• _What needs to be done_:
Transcribe the listing exactly; drop the images.

• _Supplied data_:
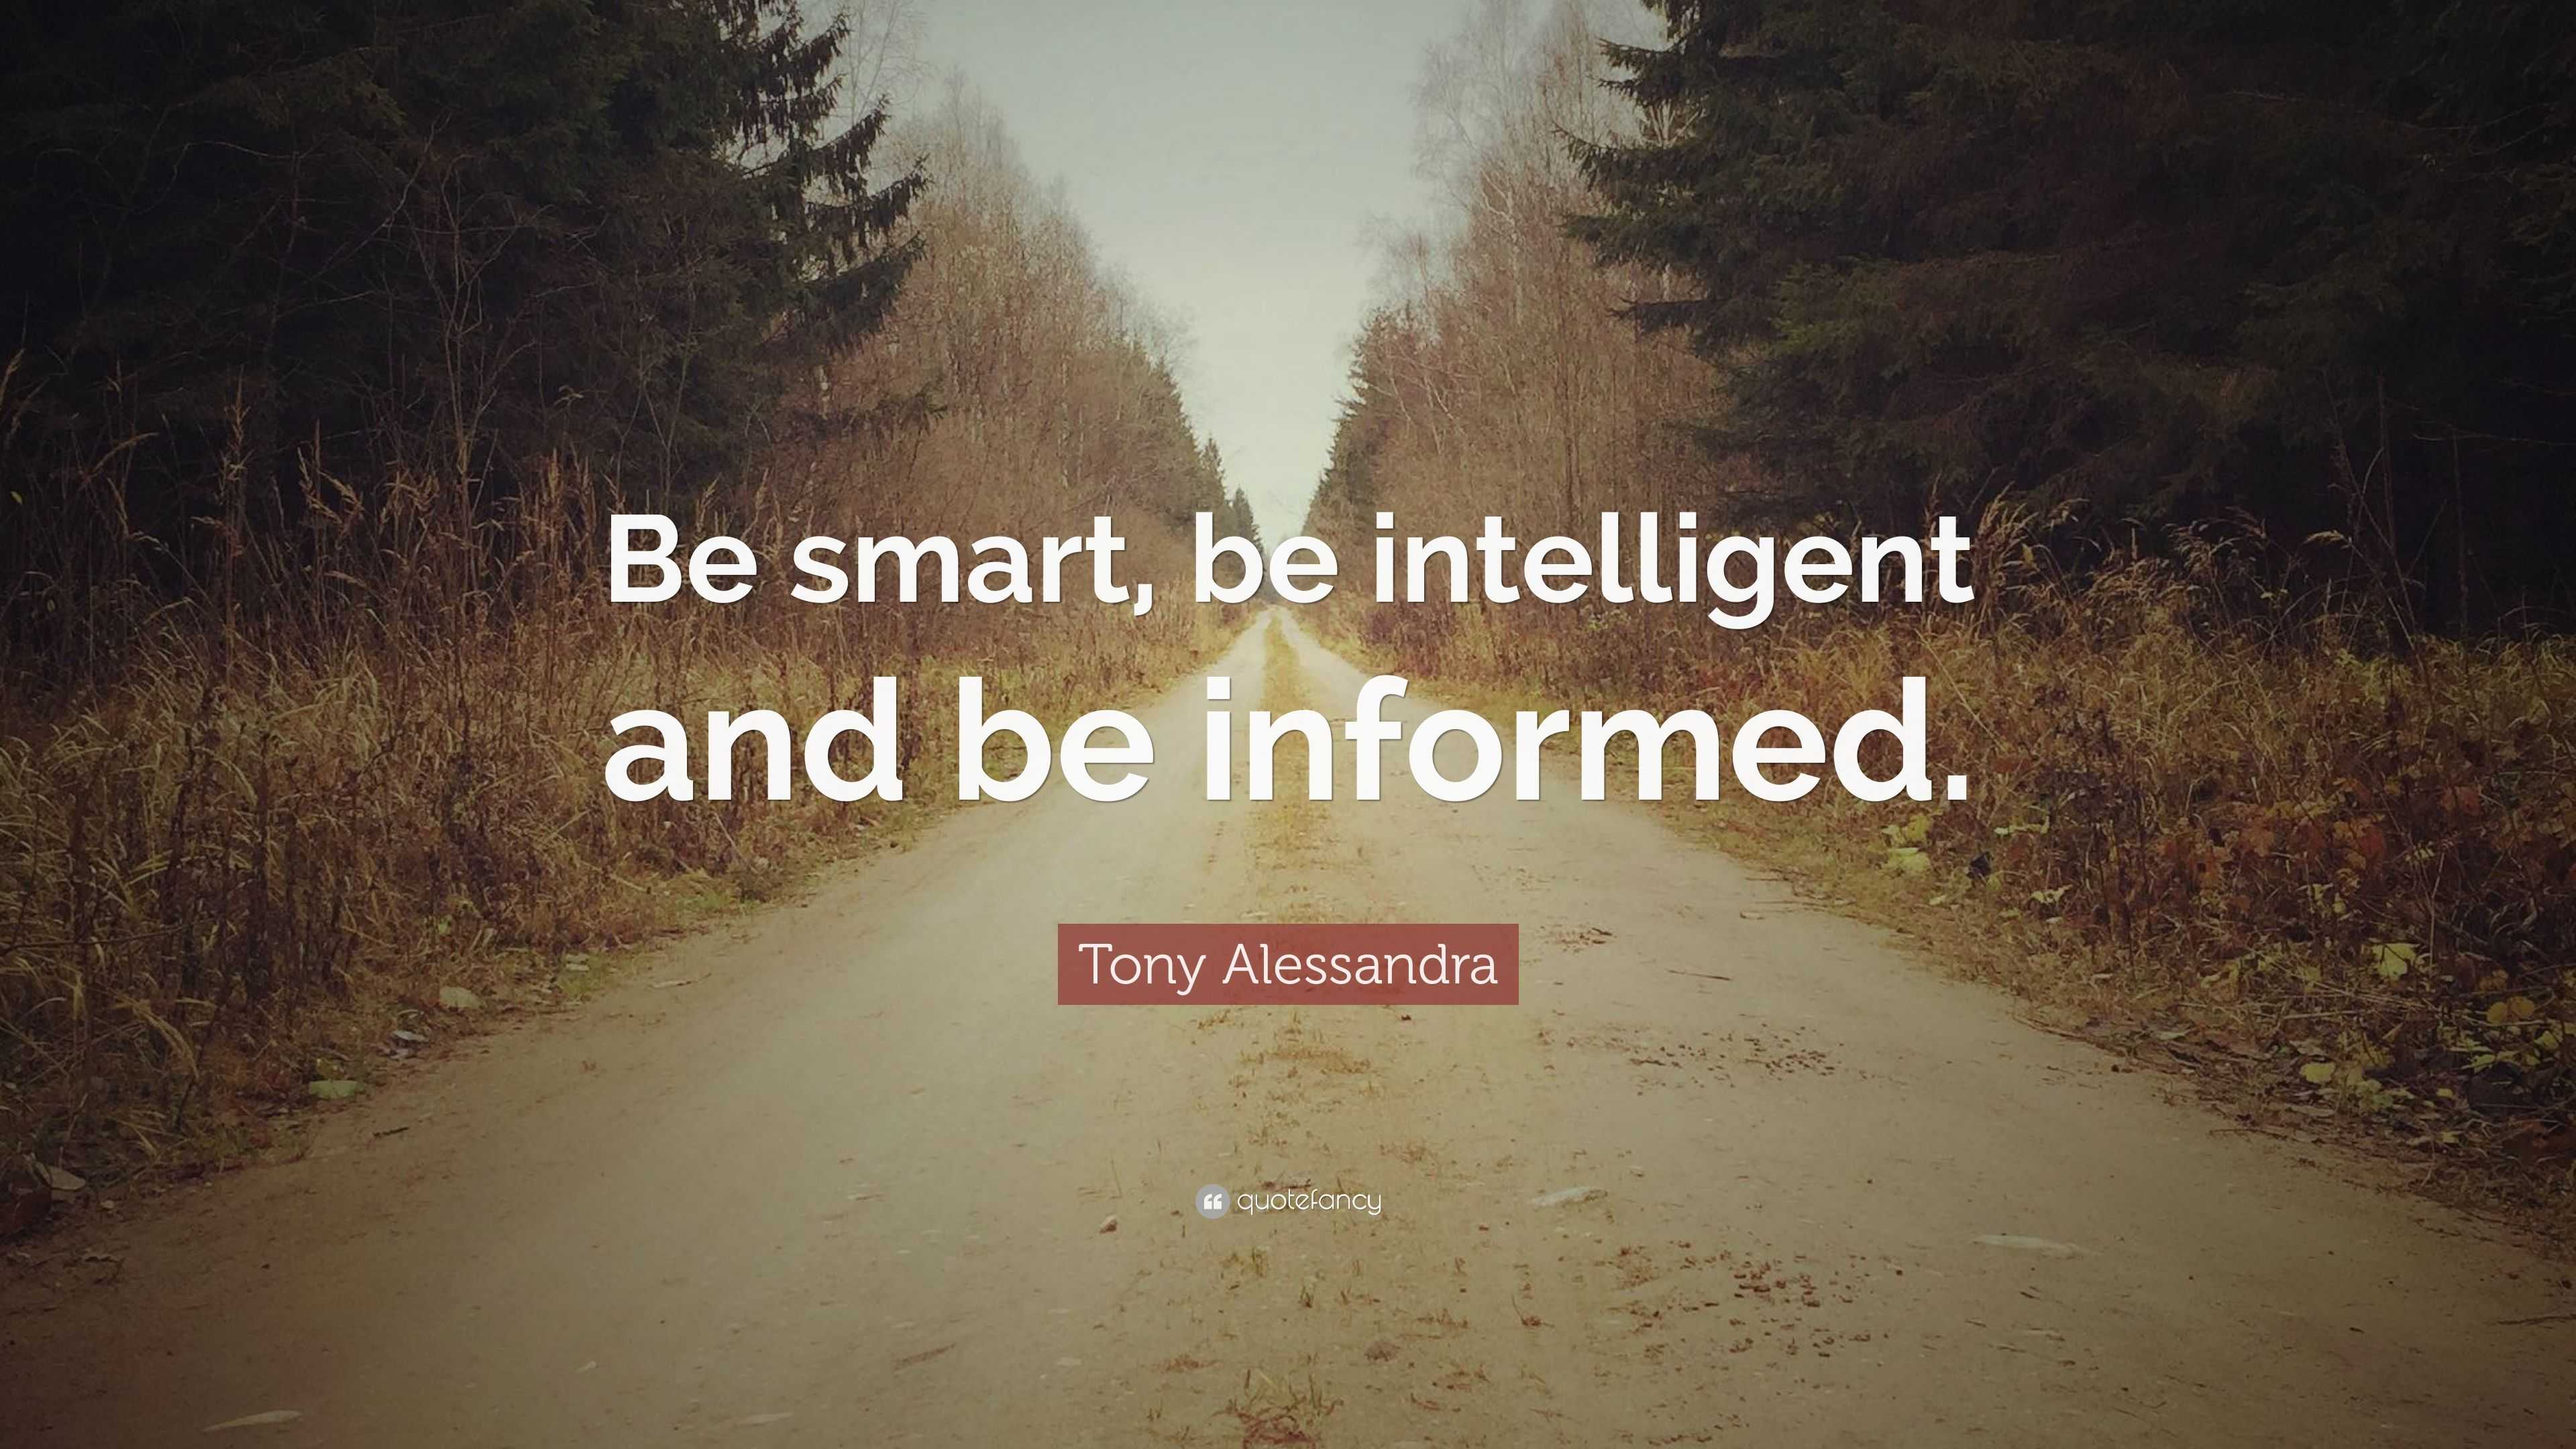 Tony Alessandra Quote “Be smart, be intelligent and be
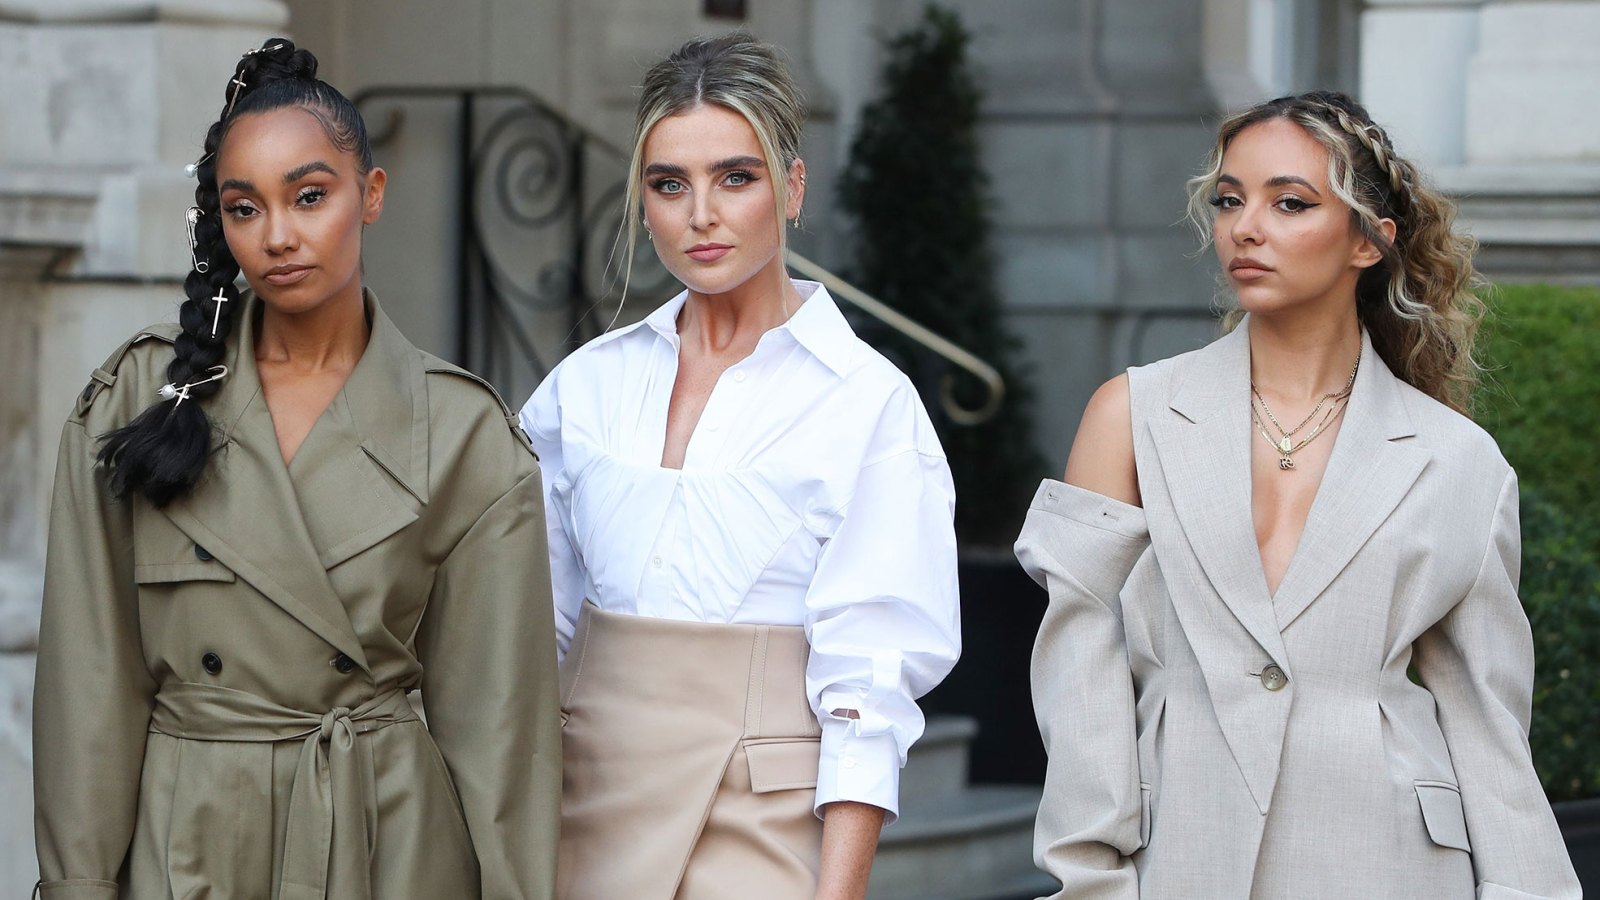 Little Mix’s Jade Thirlwall Perrie Edwards and Leigh-Anne Pinnock Are Taking a Break After Their 2022 Confetti Tour
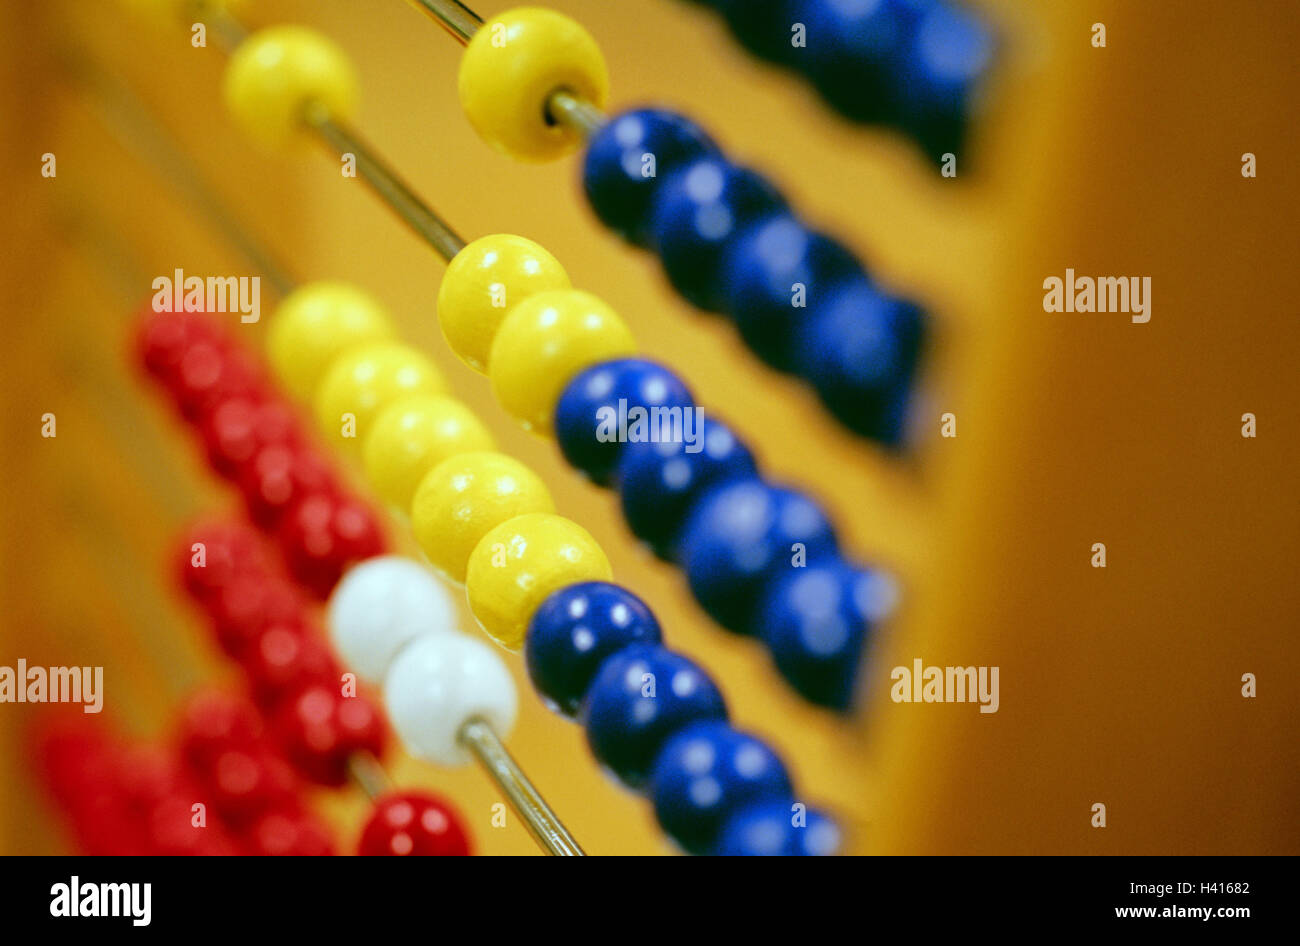 Abaci, close up, slide rule, calculation, count, arithmetic help, accessory, abacus, becomes outdated, addition, subtraction, plus, below, rails, sphere, mathematics, product photography, Still life, conception Stock Photo

• _Written solution_:
 Tony Alessandra Quote “Be smart, be intelligent and be
 Little Mix’s Jade Thirlwall Perrie Edwards and Leigh-Anne Pinnock Are Taking a Break After Their 2022 Confetti Tour
 Abaci, close up, slide rule, calculation, count, arithmetic help, accessory, abacus, becomes outdated, addition, subtraction, plus, below, rails, sphere, mathematics, product photography, Still life, conception Stock Photo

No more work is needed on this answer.